For the Bifocal + Atropine group, the mean axial length was 24.37 mm at baseline and 24.67 mm at 3 years, and the unadjusted elongation was 0.30 mm (95% CI, 0.23 — 0.36). For the Bifocal group, mean axial length was 24.31 mm at baseline and 24.70 mm at 3 years, and the unadjusted elongation was 0.38 mm (95% CI, 0.33 — 0.44).
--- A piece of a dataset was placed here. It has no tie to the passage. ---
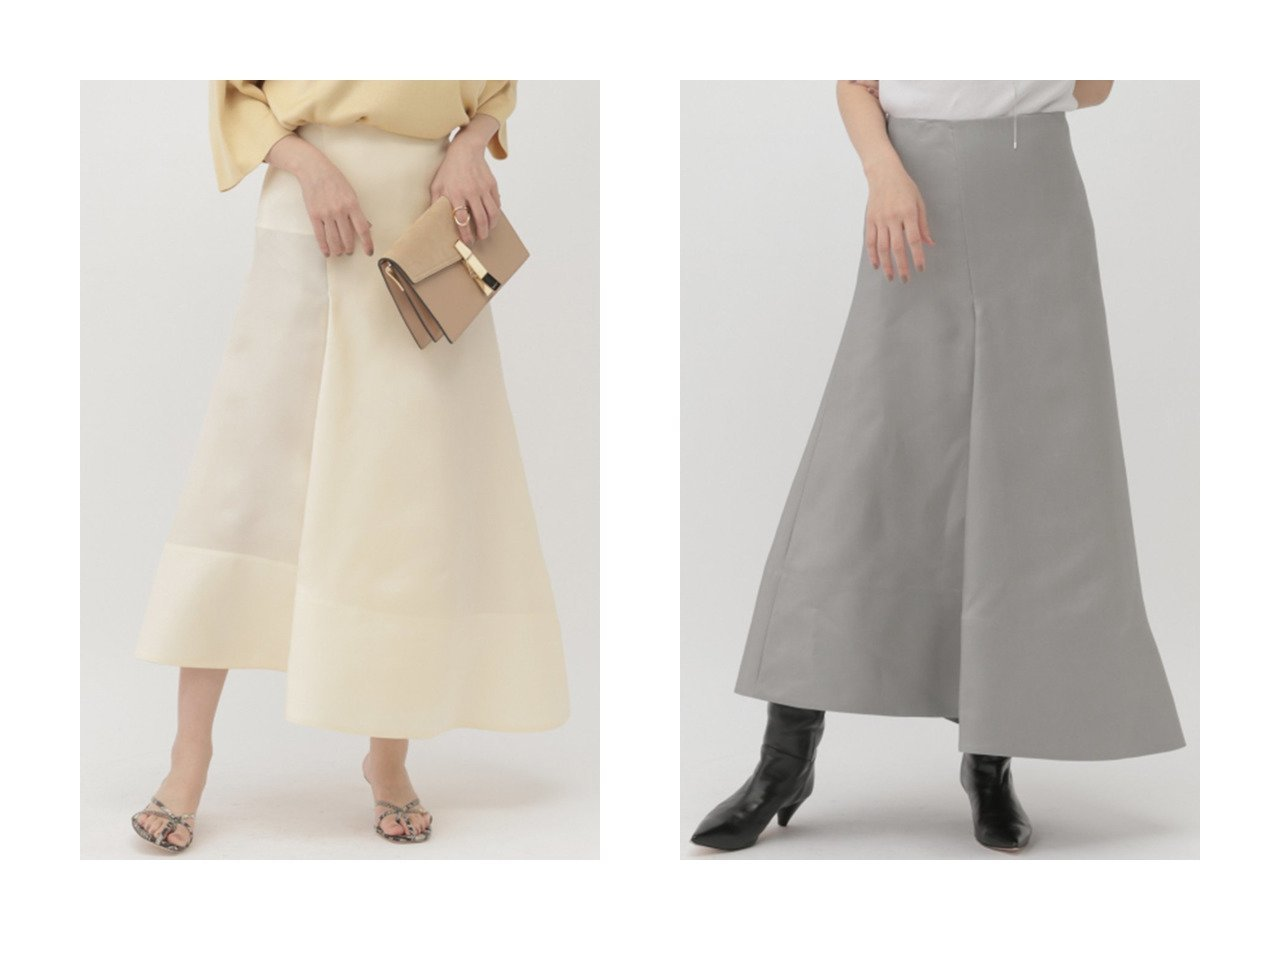 【Chaos/カオス】のダブルオーガンスカート スカートのおすすめ!人気、トレンド・レディースファッションの通販 おすすめで人気の流行・トレンド、ファッションの通販商品 メンズファッション・キッズファッション・インテリア・家具・レディースファッション・服の通販 founy(ファニー) https://founy.com/ ファッション Fashion レディースファッション WOMEN スカート Skirt ロングスカート Long Skirt 2021年 2021 2021 春夏 S/S SS Spring/Summer 2021 S/S 春夏 SS Spring/Summer アシンメトリー オーガンジー シルク ジャケット セットアップ フロント ラップ ロング 春 Spring  ID:crp329100000015298

For the Single Vision group, axial length was 24.50 mm at baseline and 25.16 mm at 3 years, and the unadjusted elongation was 0.67 mm (95% CI, 0.60 — 0.73) (Figure 1B).

The 3-year adjusted axial elongation was 0.31 mm (95% CI, 0.25 — 0.37) for the Bifocal + Atropine group, 0.39 mm (95% CI, 0.34 — 0.44) for the Bifocal group, and 0.68 mm (95% CI, 0.61 — 0.74) for the Single Vision group. The difference in axial elongation was −0.08 mm (95% CI, −0. 16 to +0.002) between the Bifocal + Atropine versus Bifocal group and −0.37 mm (95% CI, −0.46 to −0.28) between the Bifocal + Atropine versus Single Vision group (Table 2).

At the final visit, the mean high-contrast distance logMAR visual acuity was significantly different between the three groups (P = .017; Table 2). Specifically, the high-contrast distance logMAR visual acuity for both the Bifocal + Atropine group (−0.06) and the Single Vision group (−0.06) was significantly better than the Bifocal group (−0.03), but the difference was less than 2 letters (i.e., not clinically meaningful). The Bifocal + Atropine group was not significantly different from the Single Vision group for the high-contrast distance logMAR visual acuity. Similarly, the mean high-contrast near logMAR visual acuity was significantly different between the three groups (P < .01). The high-contrast near logMAR visual acuity for both the Bifocal + Atropine group (−0. 13) and the Single Vision group (−0.11) was significantly better than the Bifocal group (−0.07), but the difference was no more than 3 letters. The Bifocal + Atropine group was not significantly different from the Single Vision group for the high-contrast near logMAR visual acuity. The mean low-contrast distance logMAR visual acuity was also significantly different between the three groups (P < .01). The low-contrast distance logMAR visual acuity for the Single Vision group (0.07) was significantly better than both the Bifocal + Atropine group (0.12) and the Bifocal group (0.11), but the difference was again less than 3 letters. The Bifocal + Atropine group was not significantly different from the Bifocal group for the low-contrast distance logMAR visual acuity.

At the baseline, the pupil sizes were not significantly different between the three groups for under either photopic (P = .96) or mesopic conditions (P = .41). At the final visit, the mean photopic pupil size was 5.10 mm for the Bifocal + Atropine group, which was significantly larger than the 4.75 mm for the Bifocal group (P < .01) and the 4.87 mm for the single vision group (P = .04). However, the mean mesopic pupil size was not significantly different between the three groups (P = .25).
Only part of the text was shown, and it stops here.